# PROBLEM DESCRIPTION
An acceptable answer repeats exactly the line containing "Gilia es la" and all lines that follow it in the listing below, and it includes no pictures.

# EXERCISE DATA
^^^^
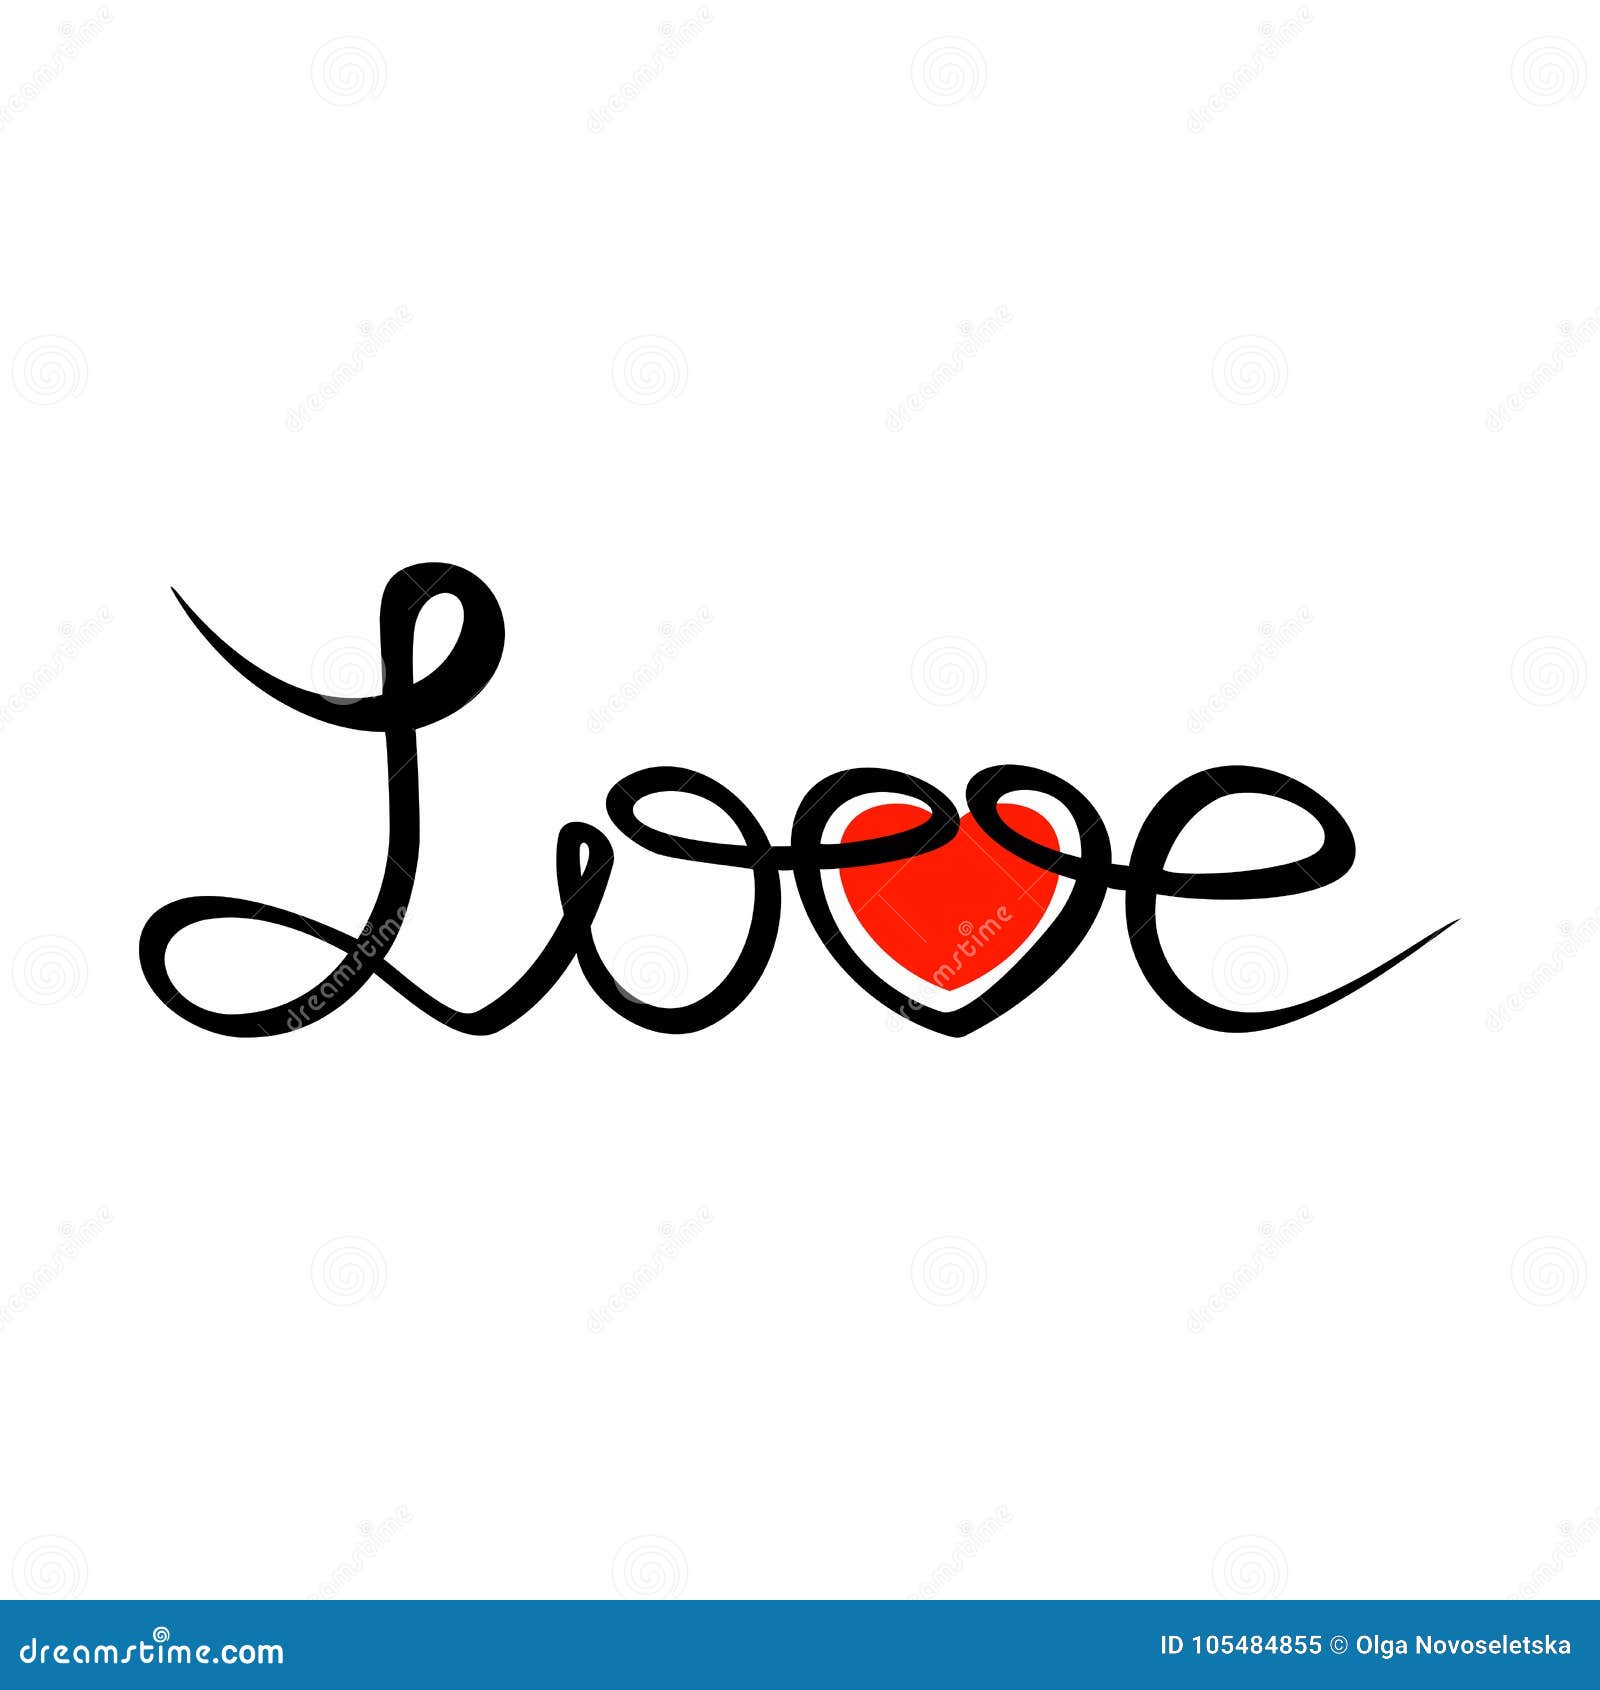 Love handdraw text stock vector. Illustration of heart - 105484855
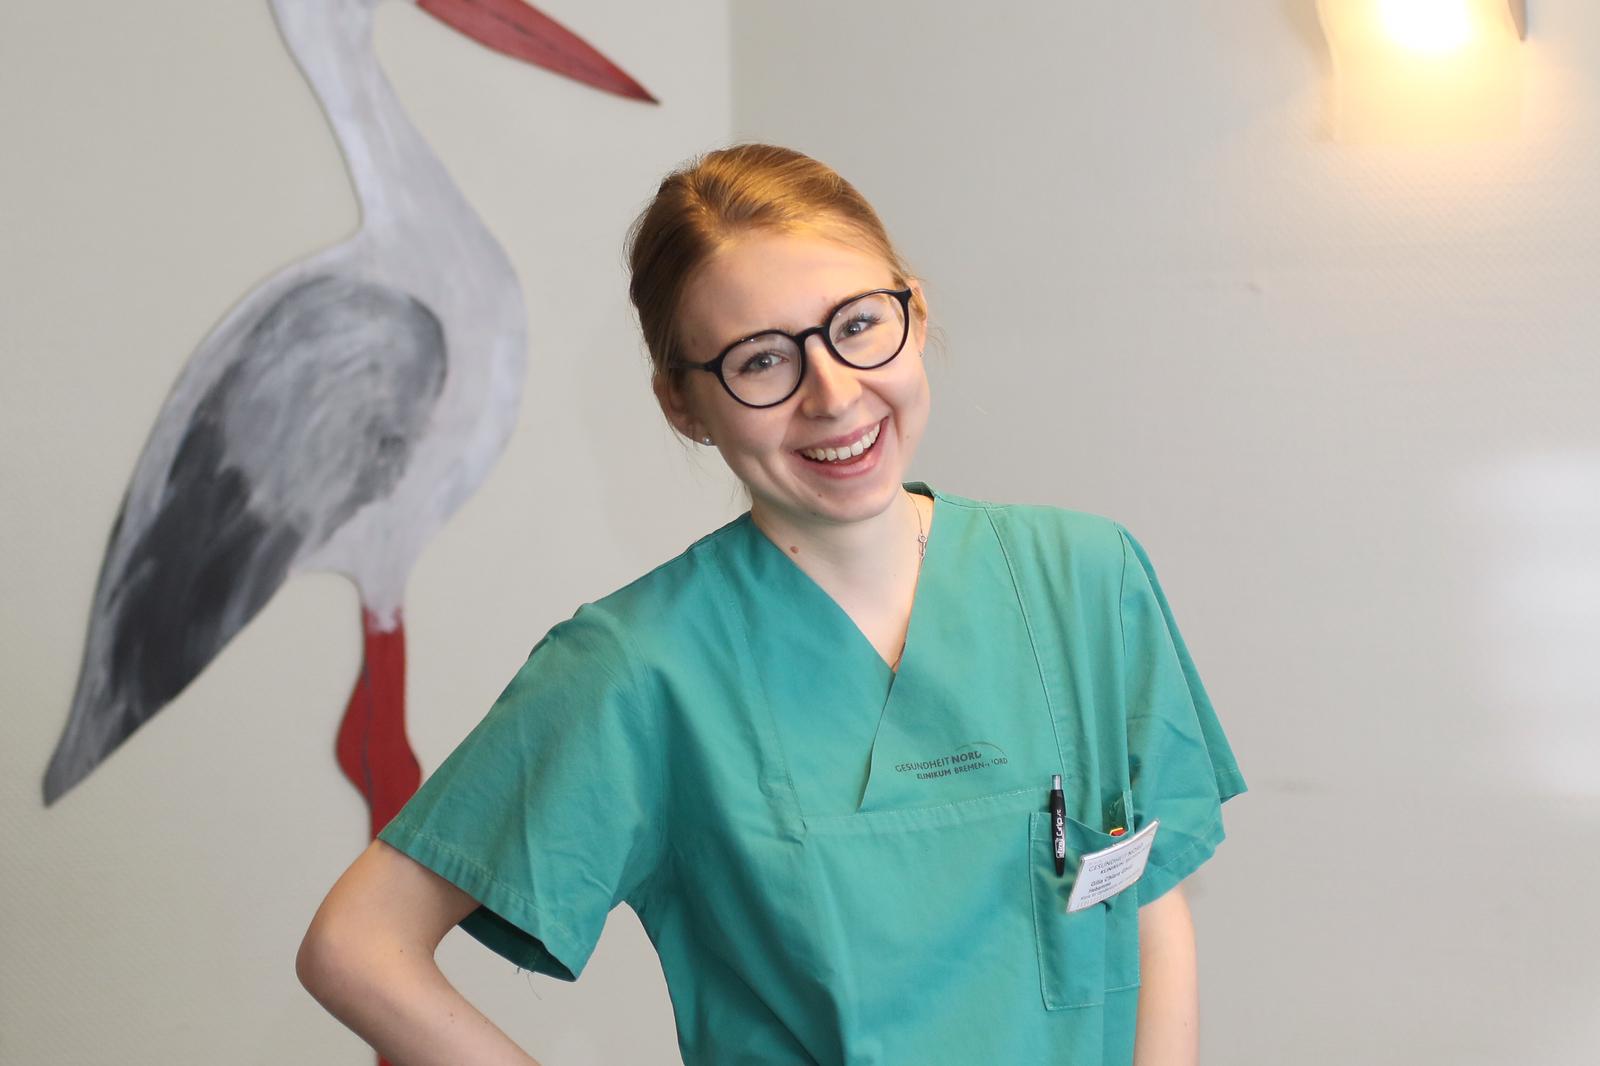 Gilia es la segunda de nuestro grupo de enfermeras y matronas que llega a Alemania. Ya no quería esperar en Italia hasta que el mundo entero volviera a la normalidad.
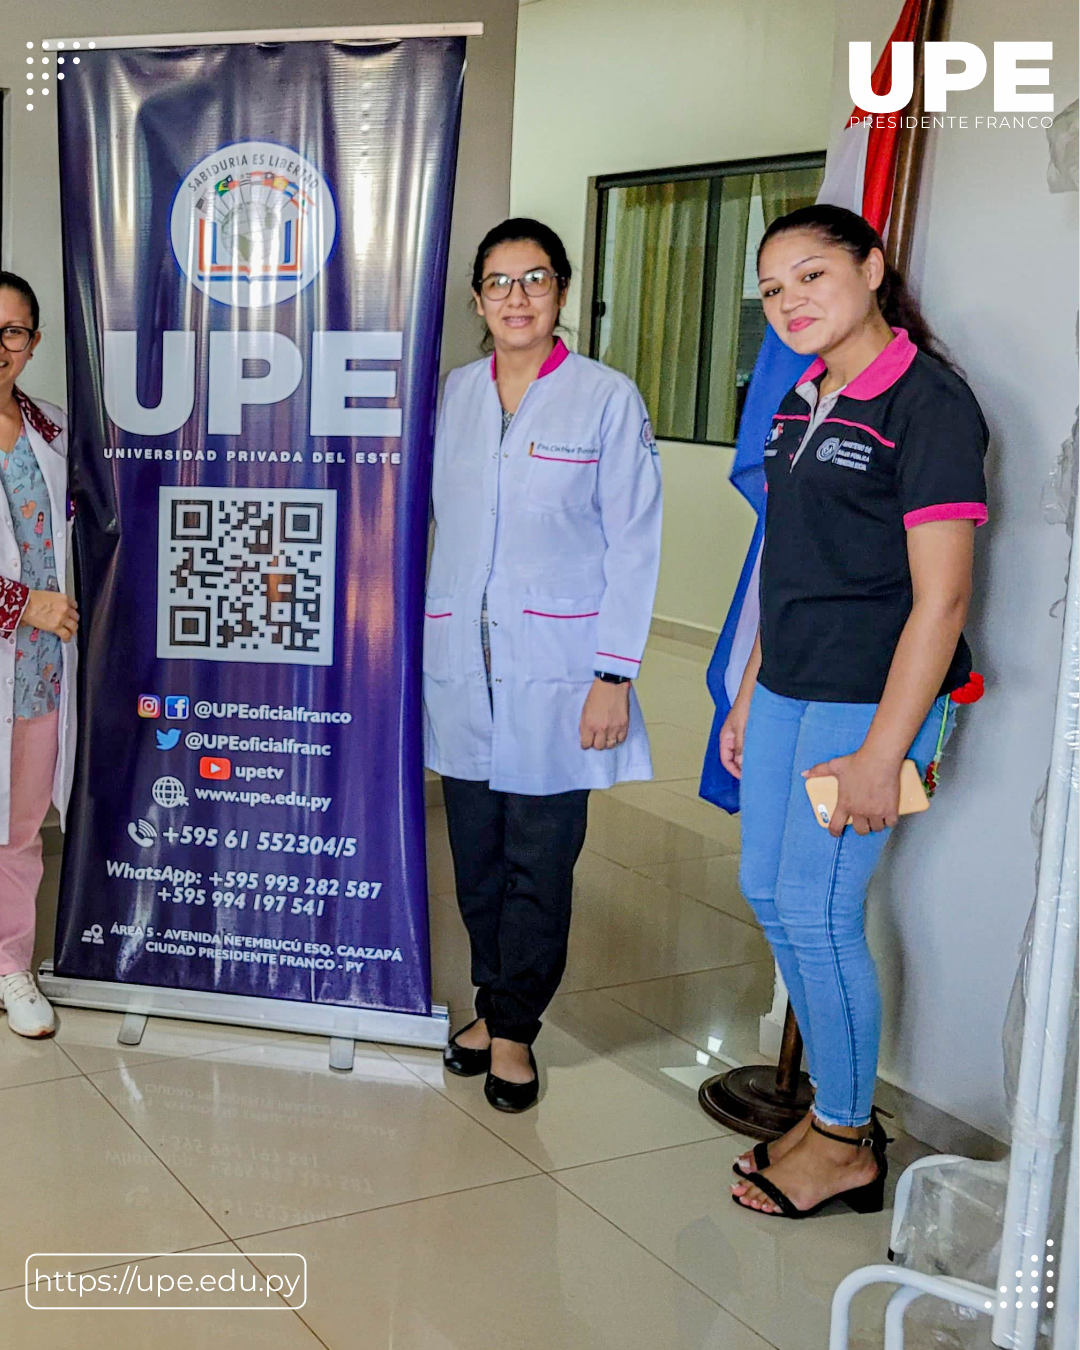 UPE entrega Contrapartida al Hospital Distrital de Hernandarias
^^^^
# ANSWER TO THE PROBLEM
 Gilia es la segunda de nuestro grupo de enfermeras y matronas que llega a Alemania. Ya no quería esperar en Italia hasta que el mundo entero volviera a la normalidad.
 UPE entrega Contrapartida al Hospital Distrital de Hernandarias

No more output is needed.